And I doubt if you guys know my past experience :P
Parth, I will tutor you on Calculus for free if you want a good introduction and help.
calculus is only an expansion of algebra, guess that includes your answer already.
@ParthKohli To learn calculus you should be well versed in Logarithms, Trigonometry, and Sets. Have you learned all these?
I felt Calc I was like 75% Algebra and 20% Trig...pretty sure it will be easy for someone like you
Thank you. Yes, @ash2326
Calculus is MOSTLY Algebra, just FYI. ;-)
Speaking from direct experience.
Then you are ready:D
Parth, do you have knowledge in Trig, Algebra I-II, and working with functions?
I went to a website and learned all these concepts very thoroughly. What is the starting in Calculus? Limits?
math is hard keke ayiyi
It depends on the school. At MIT, we started with Integrals first and defined limits based on that.
Calculus will come next year in my syllabus lol :P
You're ready, Parth. If you wouldn't mind taking a few minutes out of your time today, and send me what you know and give me some examples. I can take that information and place you at a level. :) And like I said, "I can tutor you."

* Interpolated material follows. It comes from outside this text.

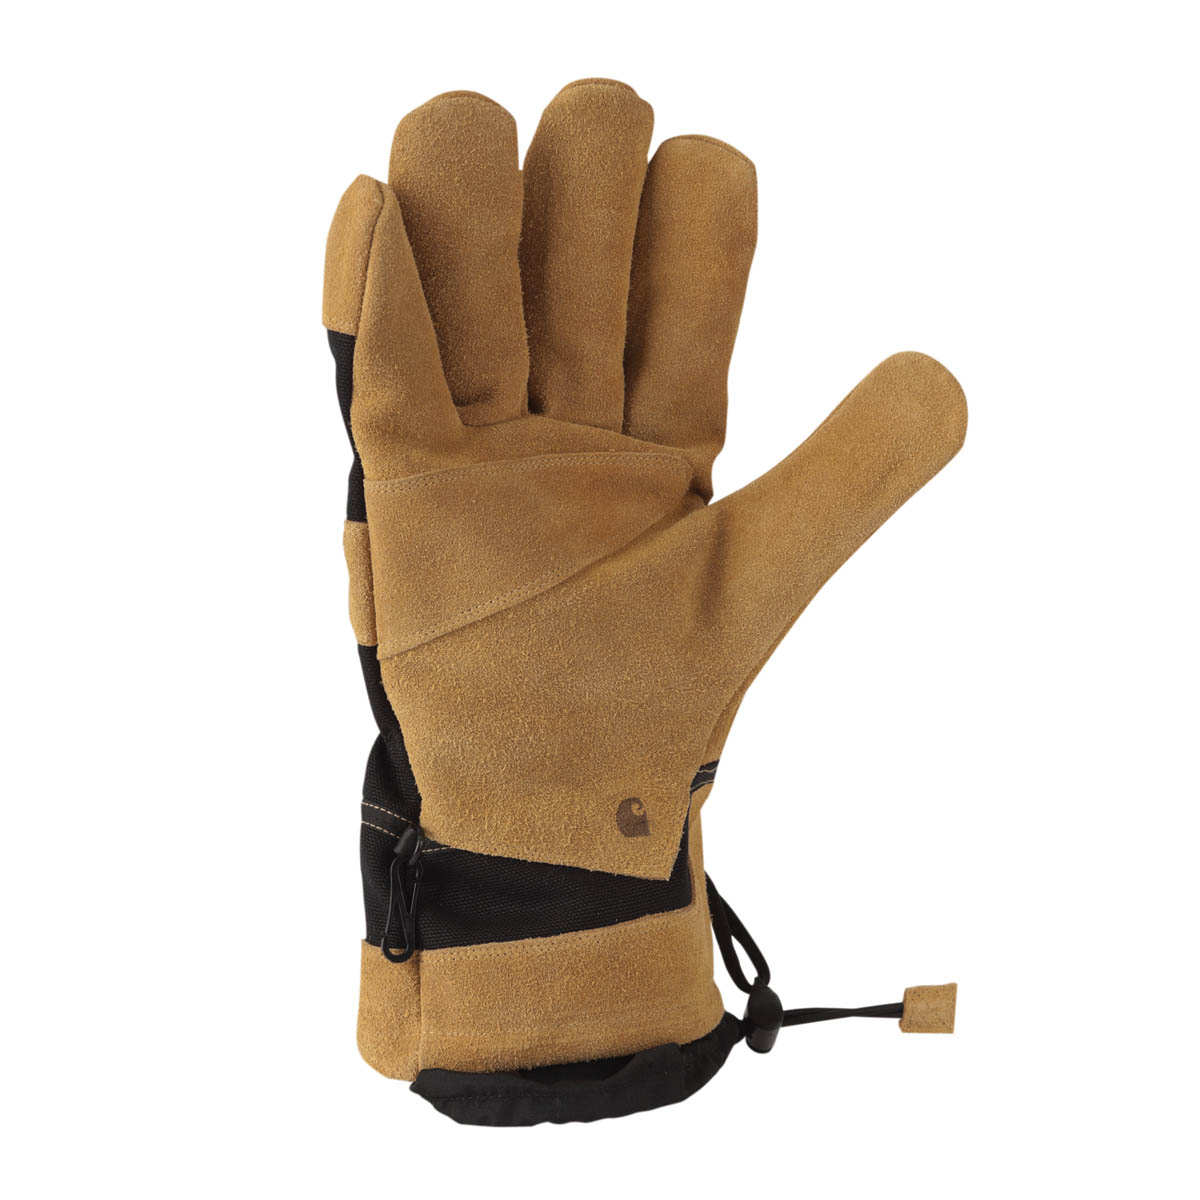 Carhartt Men's Dozer Glove Safety Cuff Gauntlet

And when I say that it is mostly, I mean that you'll REALLY need to be good with it. Everything from factoring, to trig identities, to partial fractions, to series and sequences, to things like this: |dw:1342968425801:dw|
Derivative is small change in \(y\) - known as \(dy\) - over the small change in \(x\) - known as \(dx\).
You see this stuff over and over in Calculus
@mathdumbo That's a nice way:D
Integral is a number of which something is a derivative of(as far as I know).
not a number but function.. :P
@ParthKohli You'll get a good start here
Average slope: \[m=\frac{\triangle y}{\triangle x}=\frac{y_2-y_1}{x_2-x_1}\] Turns into... \[m=\frac{d y}{d x}=\text{instantaneous slope}\]
So, \[\int \limits {2xdx } = x^2\]?
Yes, @agentx5. I saw a video on Khanacademy on the intuition of differentiation.
And I believe that you are allowed to 'skip' some of the topics in Mathematics; that's how beautiful it is :)
Parth, how would you solve this: \[{2 - 5x \sqrt23}{-3x \sqrt2}\]
^ You need to have a background with working on radicals.
I believe that we should stick to the question, and yes I do know that :)
There is a lot of really small division in calculus.
I don't think we can simplify that.
And by small, I mean integrals.
It was just an example.
I have heard that we can calculate "nth" root of any number by differentiation. Am I correct ?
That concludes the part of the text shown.